The table below reflects the versions tracked in version.json at the repository root.
ComponentVersion
protoc35-dev
C++7.35-dev
C#3.35-dev
Java4.35-dev
JavaScript3.35-dev
Objective-C5.35-dev
PHP5.35-dev
Python7.35-dev
Ruby4.35-dev
Rust4.35-dev
Versions ending in -dev are pre-release snapshots from the main branch. Stable release versions do not carry the -dev suffix.

Versioning scheme

protoc (the compiler)

protoc releases use a single incrementing major version number (e.g., v27, v28). There is no minor or patch component for the compiler itself.

Language runtimes

Each language runtime is versioned independently using a MAJOR.MINOR scheme tied to the protoc release:
  • The minor version tracks the protoc release (e.g., runtime x.27 was released alongside protoc v27).
  • The major version is incremented when a breaking change is required for that specific language.
This means different language runtimes may have different major versions even when released at the same time.

Support lifecycle

LTS vs regular releases

Some protoc releases are designated as Long-Term Support (LTS) releases. The "lts" field in version.json indicates whether the current development line will produce an LTS release.
  • LTS releases receive bug fixes and security patches for an extended period after the initial release date.
  • Regular releases are supported until the next regular or LTS release is available.
Check the release page on GitHub to identify which published versions carry the LTS designation.

Branch policy

  • Most changes (features, bug fixes) target the main branch and appear in the next major/minor release.
  • Bug fixes intended for a patch release (e.g., v27.1) must first land on main, then be cherry-picked to the relevant release branch (e.g., 27.x).

Compatibility guarantees

Binary wire format

The binary wire format is permanently stable. A message serialized by any version of protobuf can be deserialized by any other version, past or future. Changes to the wire format are never accepted — any incompatible encoding would require an entirely new format specification.

Text format

The text format is a debugging aid and is not guaranteed to be stable across versions. Do not use it for persistent storage or inter-process communication.
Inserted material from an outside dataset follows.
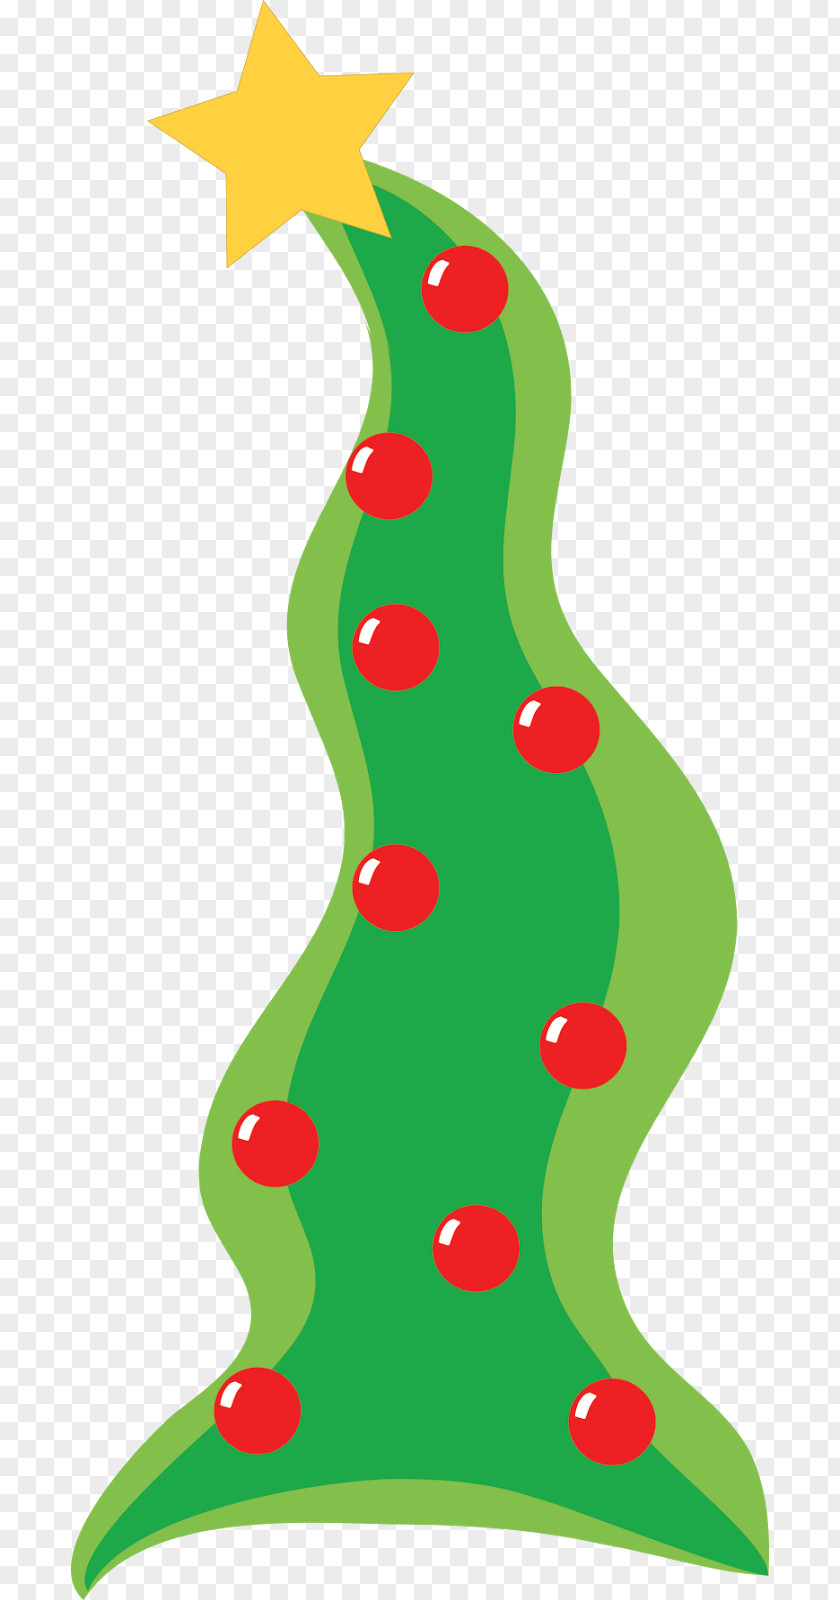 Christmas Tree Clip Art Day December Ornament PNG

Source (API) compatibility

  • Public APIs are kept stable across minor and patch releases within a major version.
  • Breaking API changes are avoided wherever possible. When a breaking change is unavoidable, it is first implemented in Google’s internal codebase and then propagated to the open-source repository. The major version of the affected language runtime is incremented.
  • Changes to existing APIs are almost never accepted from external contributors. Stability and backwards compatibility are the top priority.

Proto2 and proto3 compatibility

Messages encoded with proto2 and proto3 use the same binary wire format. A proto2 message can be read by a proto3 parser and vice versa, as long as field numbers and types are compatible. The key behavioral differences (required fields, default values, unknown field handling) are a language-level concern and do not affect the encoded bytes.

Protobuf Editions

Protobuf Editions (the successor to proto2/proto3 syntax) maintains full wire-format compatibility. Editions introduce feature flags that govern language-level behavior without changing the encoded binary representation.

Security policy

To report a security vulnerability in Protocol Buffers, use Google’s official bug reporting channel: https://bughunters.google.com/report
Do not open a public GitHub issue for security vulnerabilities. Use the link above to report them confidentially through Google’s Bug Hunters program.